We are not holding those who operate scenic railways to be insurers of the life and safety of those who patronize them, but, to acquit themselves of liability, the operators of such machines must not fall short of the degree of care and diligence as defined in instruction No. 11.

We are not going to condemn the scenic railway, involved in the instant case, as on a parallel with such a dangerous and explosive instrumentality as was dealt with by Mr. Chief Justice Owen in the case of the Oklahoma Gas Electric Co. v. Oklahoma Railway Co., 77 Okla. 290, 188 P. 331. Neither are we going to designate it as a death trap, but we are not so certain that such a contrivance may not become such in a very short time, if those who operate them fail to practice the degree of care and diligence that the trial court defined in his instruction No. 11.

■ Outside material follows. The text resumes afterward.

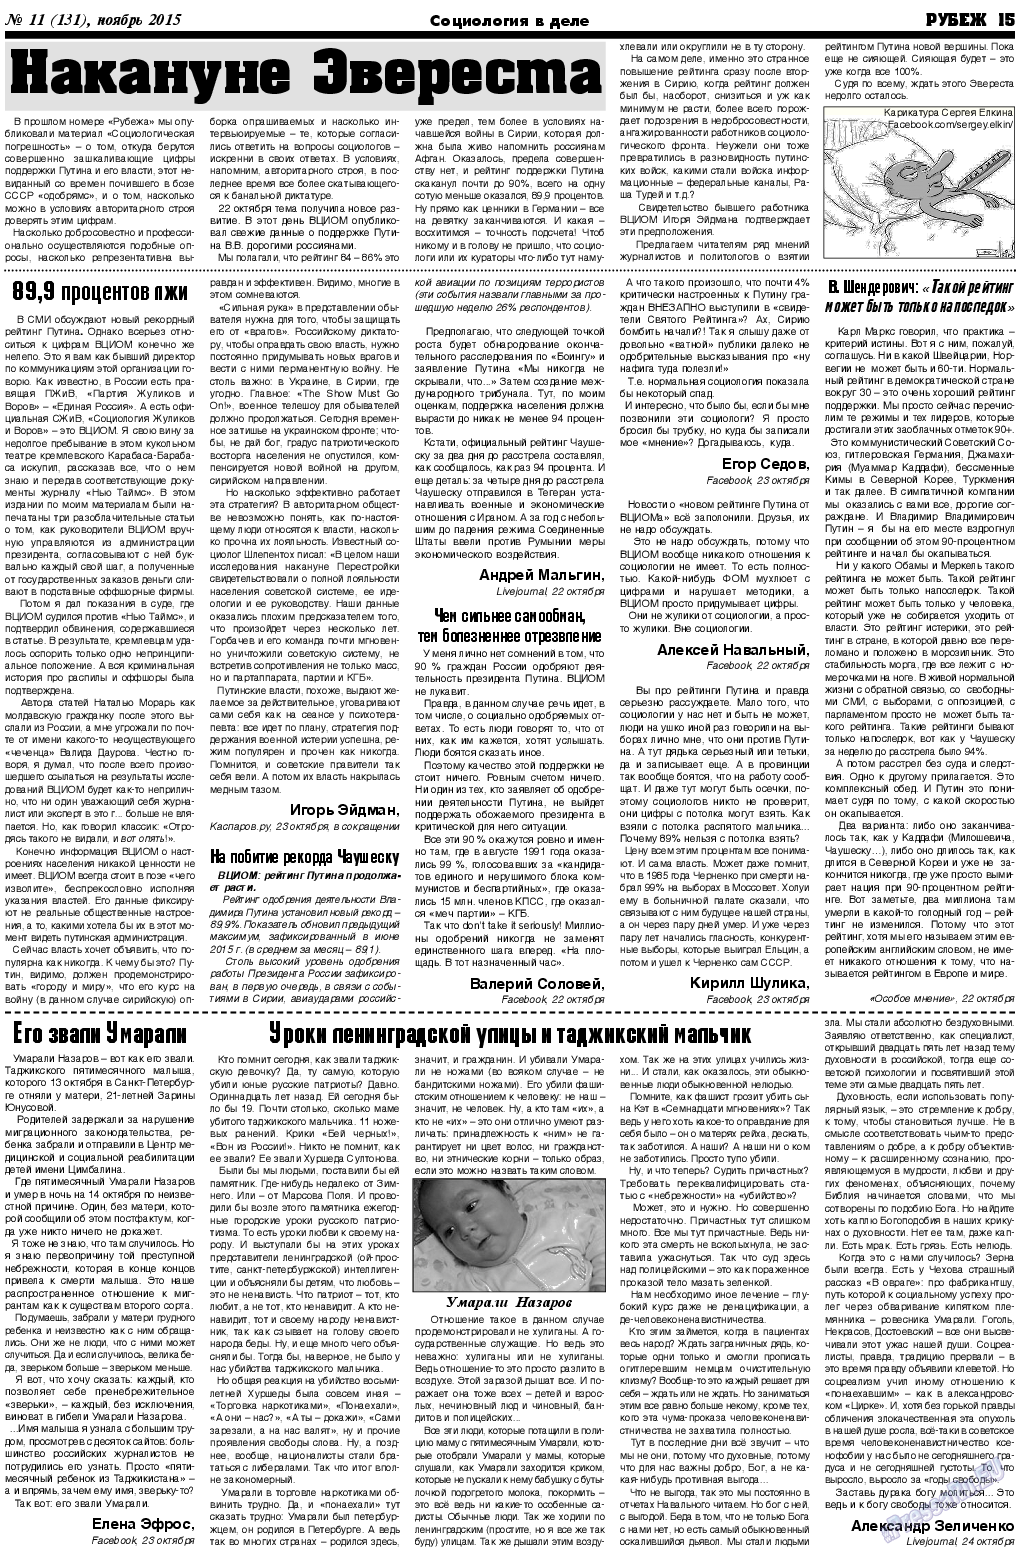 Рубеж (газета). 2015 год, номер 11, стр. 15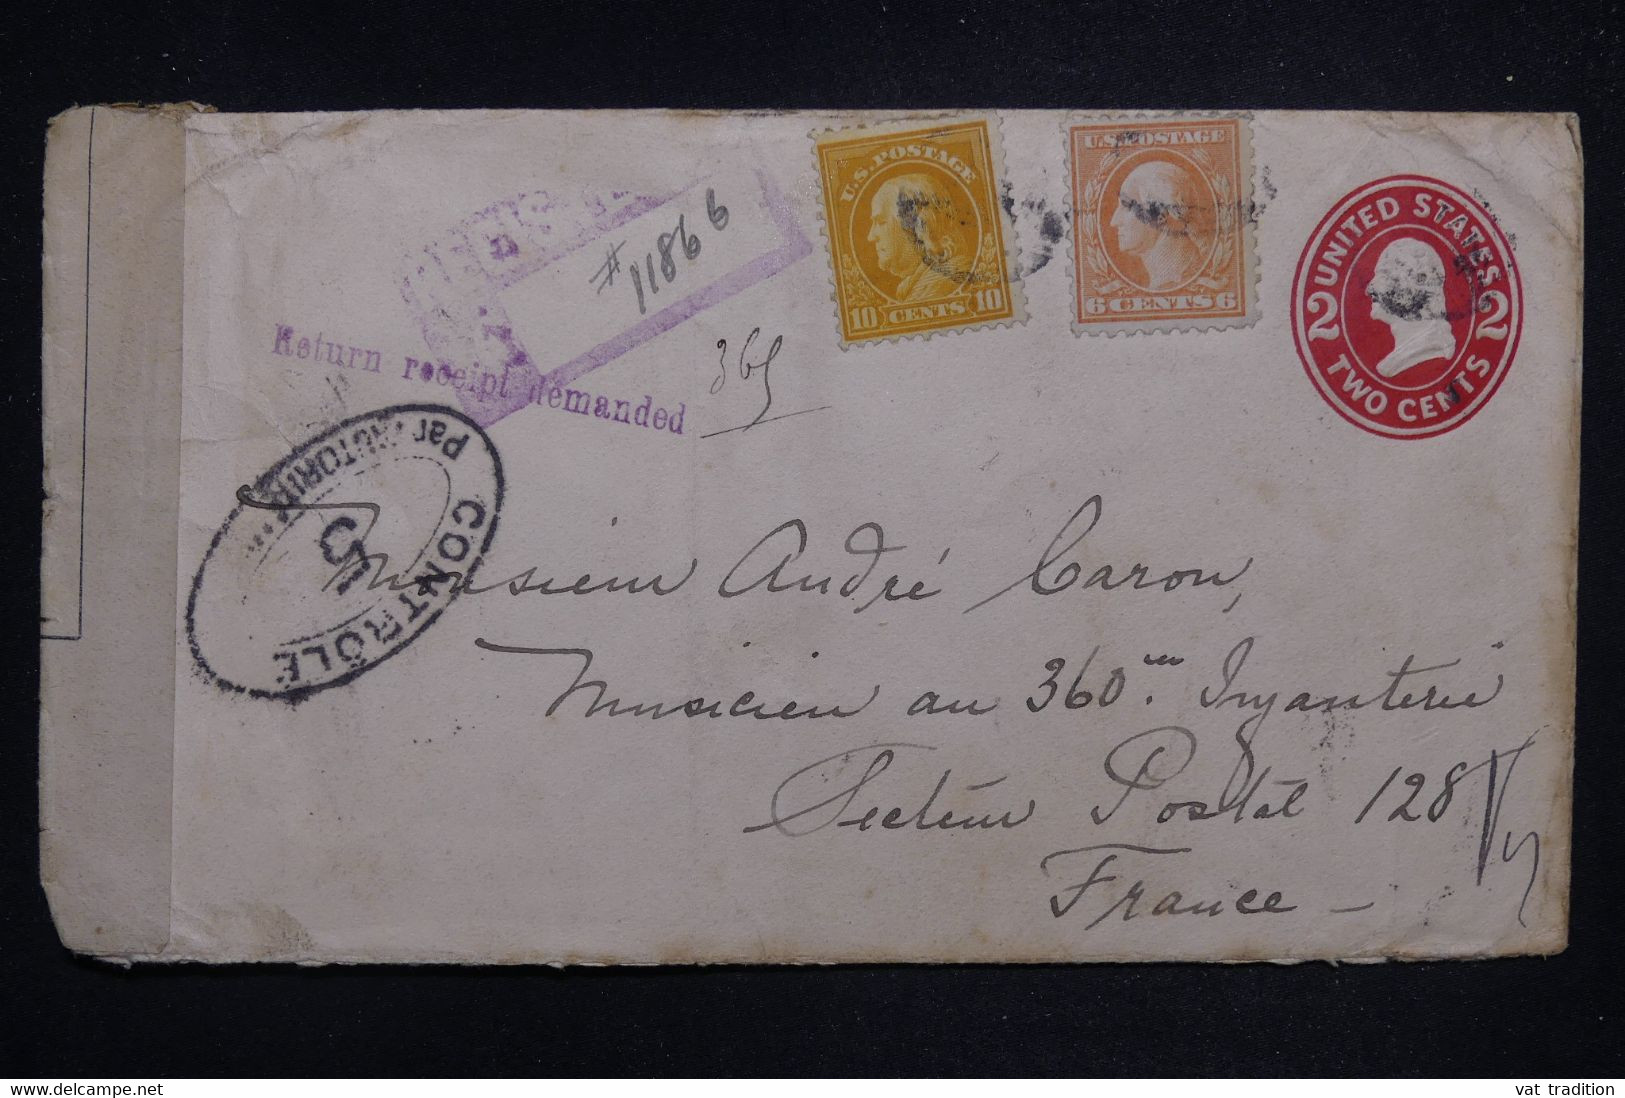 ETATS UNIS - Entier Postal + Compléments En Reco. De Portsmouth Pour Un Soldat En France En 1917 Avec Contrôle- L 127185 - 1901-20

We have examined the instructions given by the trial court in this cause, and we find that they properly define and present the issues involved in the instant case, and we find no other errors by the trial court that would warrant a reversal.

The plaintiff in error contends that the verdict of the jury is excessive, and that there should be a remittitur ordered by this court. The rule in Oklahoma seems to be that where the verdict is not so excessive as to raise a presumption that the jury was actuated by prejudice and passion in rendering the same, and in the absence of any specific proofs of passion and prejudice in rendering the judgment, and where the facts have been submitted to the jury under proper instructions, it is left to the discretion of the jury as to the amount of the recovery, and this is especially true where the appellate court is called upon to make the remittitur and where the trial court has failed to take action. The following Oklahoma cases support the above rule as to ordering remittiturs by this court; Henryetta Coal Mining Co. v. O'Hara, 50 Okla. 159,150 P. 1114; WatersPierce Oil Co. v. DeSelms, 18 Okla. 107,89 P. 212.

In this case the plaintiff below was 35 years of age, in good health, and was drawing a salary of $50 a month and other benefits, and at the time of trial, while the proofs were conflicting, it appears she had a permanent injury to her foot. She had taught two terms of school since the injury, in country districts, but, owing to the trouble that her wound was giving her, she had to abandon this pursuit. There is no evidence in this case that the jury was actuated by passion or prejudice in the rendering of the judgment. The trial judge heard the evidence and had an opportunity to observe the condition of the plaintiff, and if the trial judge had concluded that the judgment was excessive, we have reason to believe, he would have ordered a remittitur or granted a new trial. This court will, therefore, refuse to order a remittitur in this case. *Page 250

The judgment of the trial court is, therefore, affirmed.

HARRISON, C. J., and JOHNSON, MILLER, and KENNAMER, JJ., concur.